Лайсве медленно оборачивается, мысленно готовясь к встрече. Еще не хватало заплакать, как маленькая. Она знает, что мать застрелили; знает, что они оказались здесь, на дне, не просто так. Когда она наконец видит лицо матери, ее собственное тело распадается на крошечные частички, как все в мире со временем рассыпается на песчинки, лежащие на дне океана. Когда мать обращается к ней, прозрачной девочке из воды, она, Лайсве, становится частицей и волной.

– Лайсве, – говорит материнское тело. – Возьми эту вещь. Сожми в ладони и держи крепко. Возьми ее обратно в мир. Когда твое становление завершится, вещь тоже станет чем-то. Храни ее при себе. Ее нельзя ни на что обменять. Она имеет ценность лишь до тех пор, пока находится в твоей ладони.

Лайсве берет вещь. Кладет ее в рот; у вещи вкус крови и меди. Тело матери прозрачно, за ним видны плавающие рыбки. Тело улыбается. Улыбка окутывает Лайсве с ног до головы: сперва ее стопы, затем лодыжки и колени, бедра и таз – там улыбка ненадолго задерживается и поднимается выше, к животу, груди, плечам и шее, и наконец становится ее улыбкой. Лайсве снова ощущает себя целой.

– Я люблю тебя, – говорит мать, – моя любовь всегда будет жить в твоем теле.
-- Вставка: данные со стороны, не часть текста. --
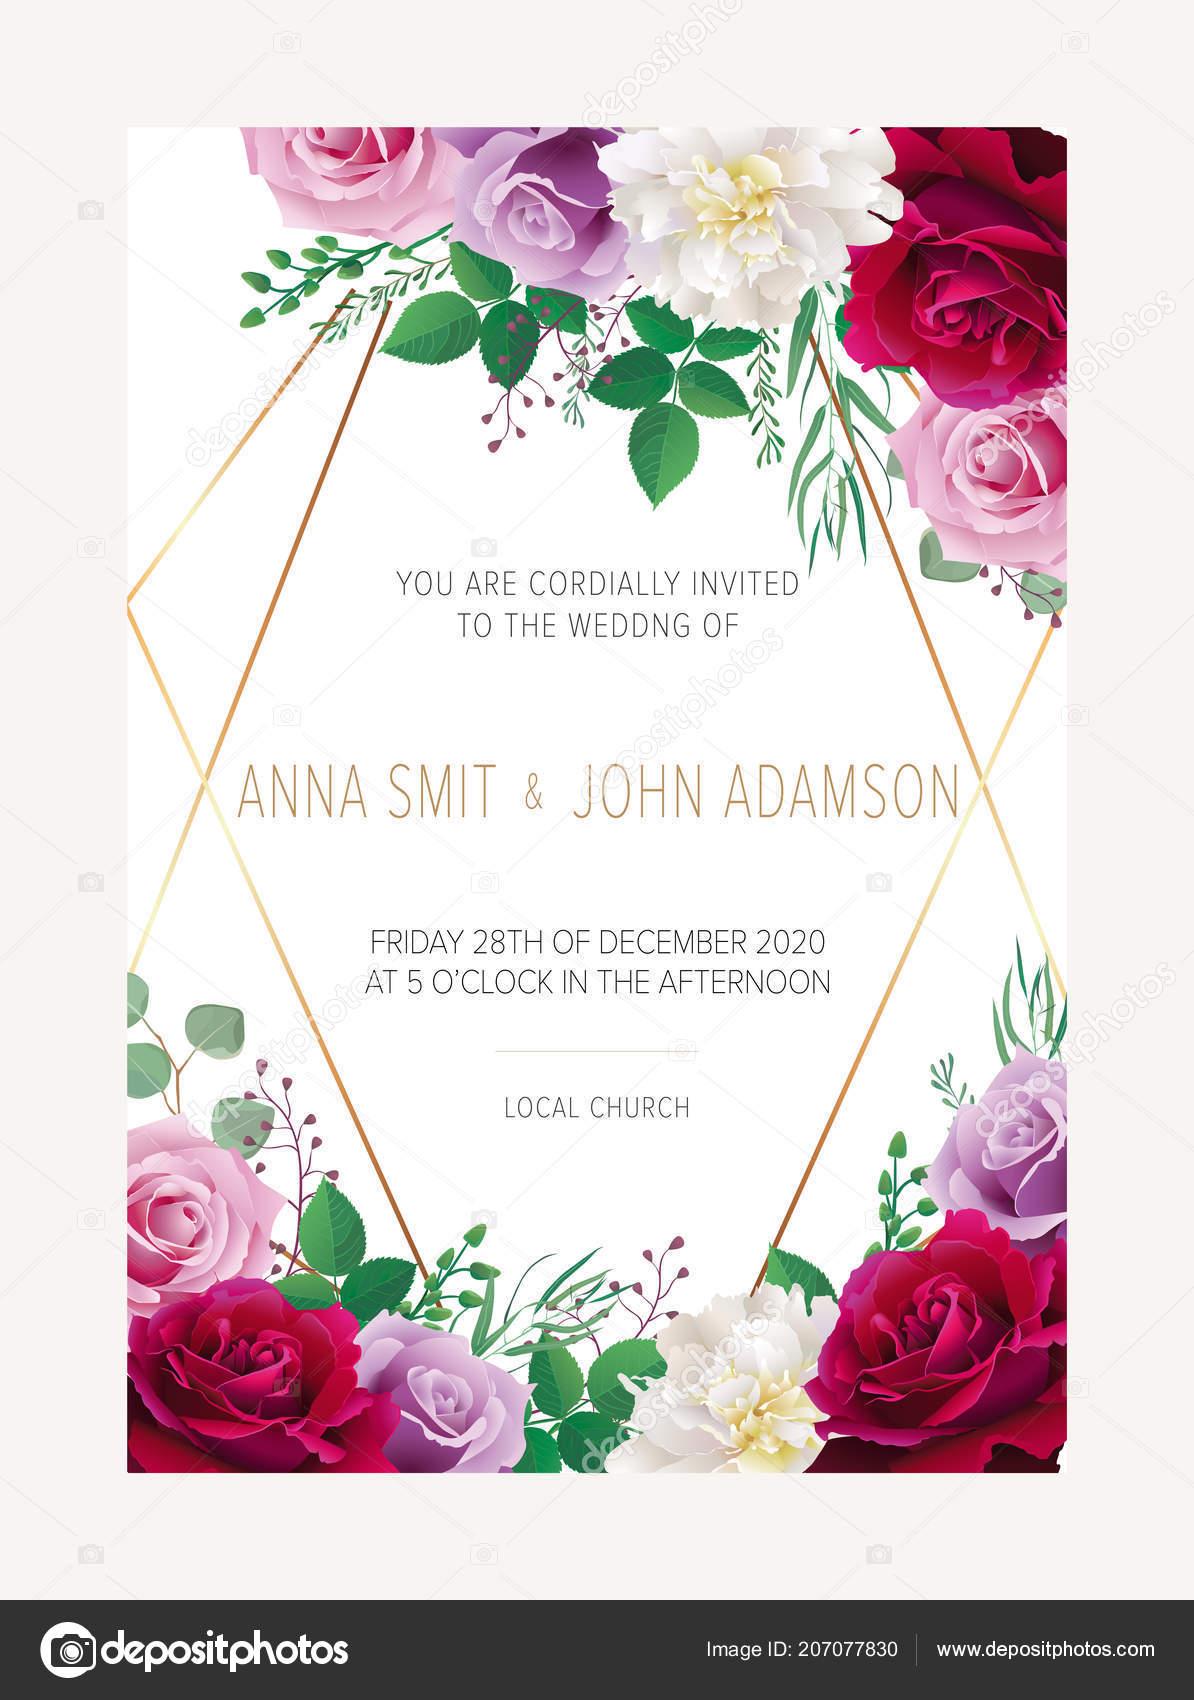 Wedding floral invitation date card design burgundy red purple wedding floral invitation date card design burgundy red purple garden vetores de stock stopboris Images
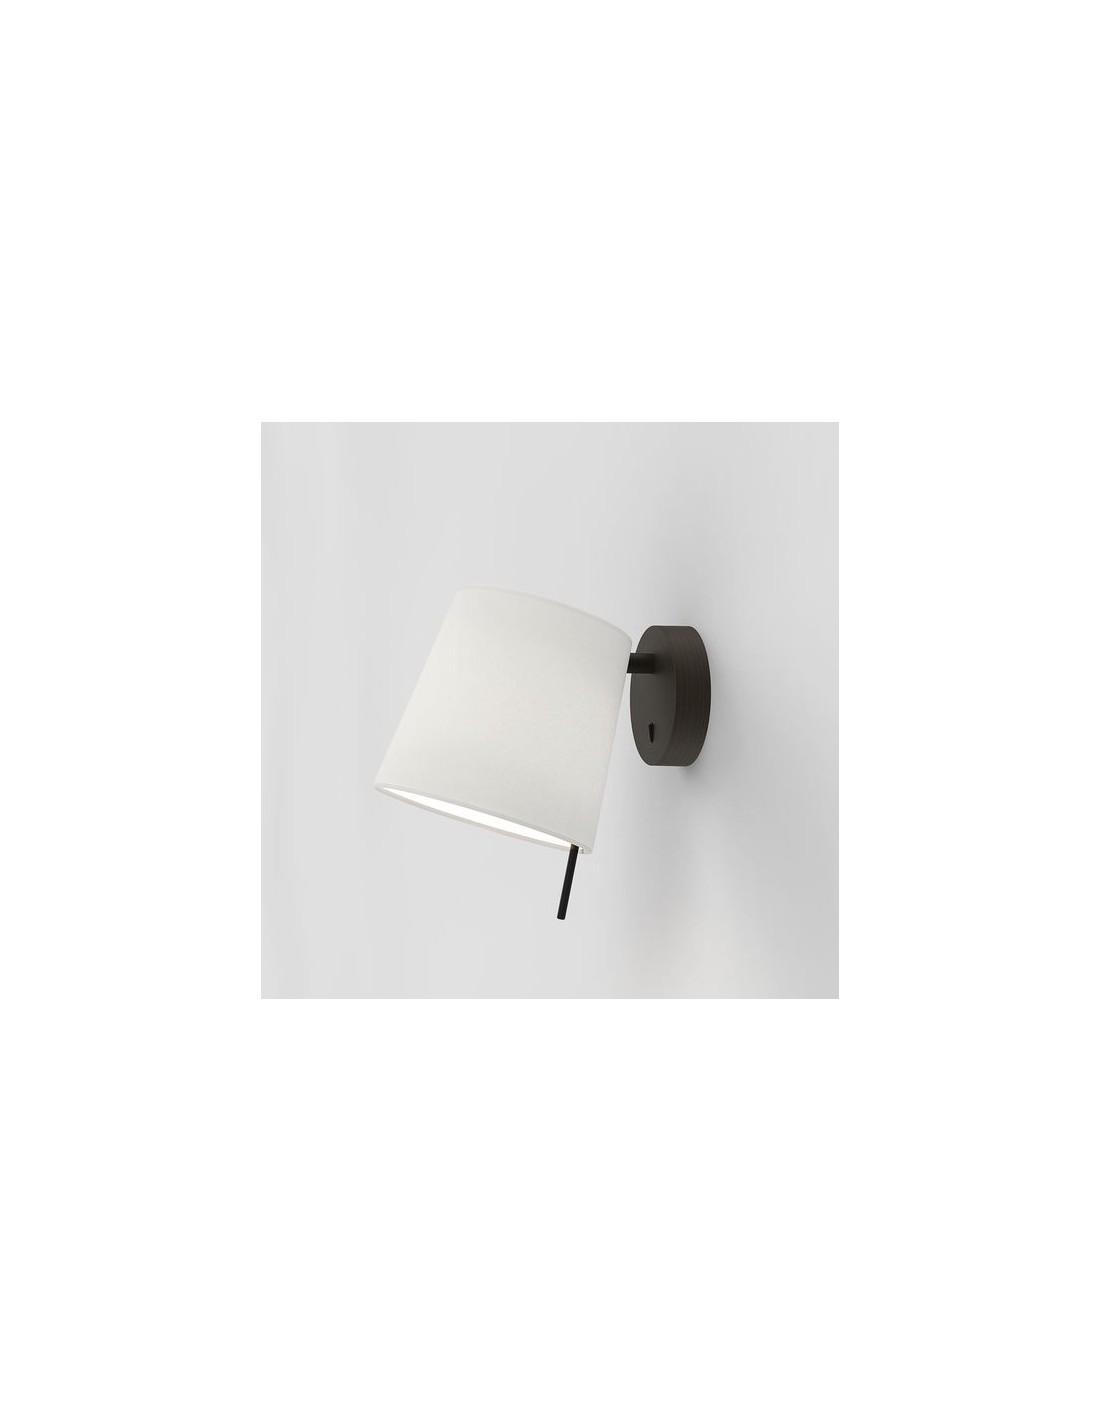 Applique Mitsu Wall bronze abat-jour blanc astro lighting- Valente design

Лайсве размышляет, что плакать под водой не имеет смысла. Если заплакать под водой, слезы просто вернутся туда, откуда возникли.

– Послушай, моя дорогая, – говорит мать, – ты еще окажешься под водой; сегодня первый раз, но не последний. Ты понимаешь?

Лайсве кивает, и на миг колышущиеся в воде волосы матери переплетаются с ее телом. Оплетают его, как ростки.

– Сегодня тебе дали монетку. Монетка поможет переправить отца. Он даже не подозревает, как сильно в ней нуждается. Горе убивает его, а это опасно для окружающих. Есть человек по имени Джозеф; он сможет вам помочь. Вы должны найти Джозефа – он существует в прошлом, но есть и в настоящем. В следующий раз ты подплывешь к женщине – огромной женщине, великанше – и поможешь ей спасти миллионы детей, переправив их к авроре, новой заре.

– А потом, в самом конце, ты отправишься на поиски того, кто был твоим братом. Мальчик, которого ты найдешь, будет гореть в лихорадке, и, возможно, тебе покажется, что он хочет тебя убить, но я обещаю, моя прекрасная водная девочка, мой тюлененок, что он тебя не убьет. Мир встает между мальчиками и их истинным предназначением. Помни: ты никого не сможешь спасти. Ни меня, ни брата, ни отца, ни мир. В твоих силах лишь переправлять предметы, людей и истории из одного времени в другое. Осуществлять перестановки. Восстанавливать смыслы из обломков прежних смыслов.

Лайсве пытается подбежать к матери, но та превращается в воду.

Возвращается кит и ласково выносит Лайсве на поверхность океана. Она слышит громкий звук, похожий на звук разбивающейся о берег волны или корабля, и возвращается на поверхность, к спасательному кораблю и продрогшему рыдающему отцу, плачущему запеленутому братику и матери, навек ушедшей под воду.

После этого она знает, что воды можно не бояться, потому что время скользит и движется вперед и назад, как скользят и движутся предметы и истории. Она обретает новое знание о том, как перемещать предметы. Она постигает смерть и переход в новое качество.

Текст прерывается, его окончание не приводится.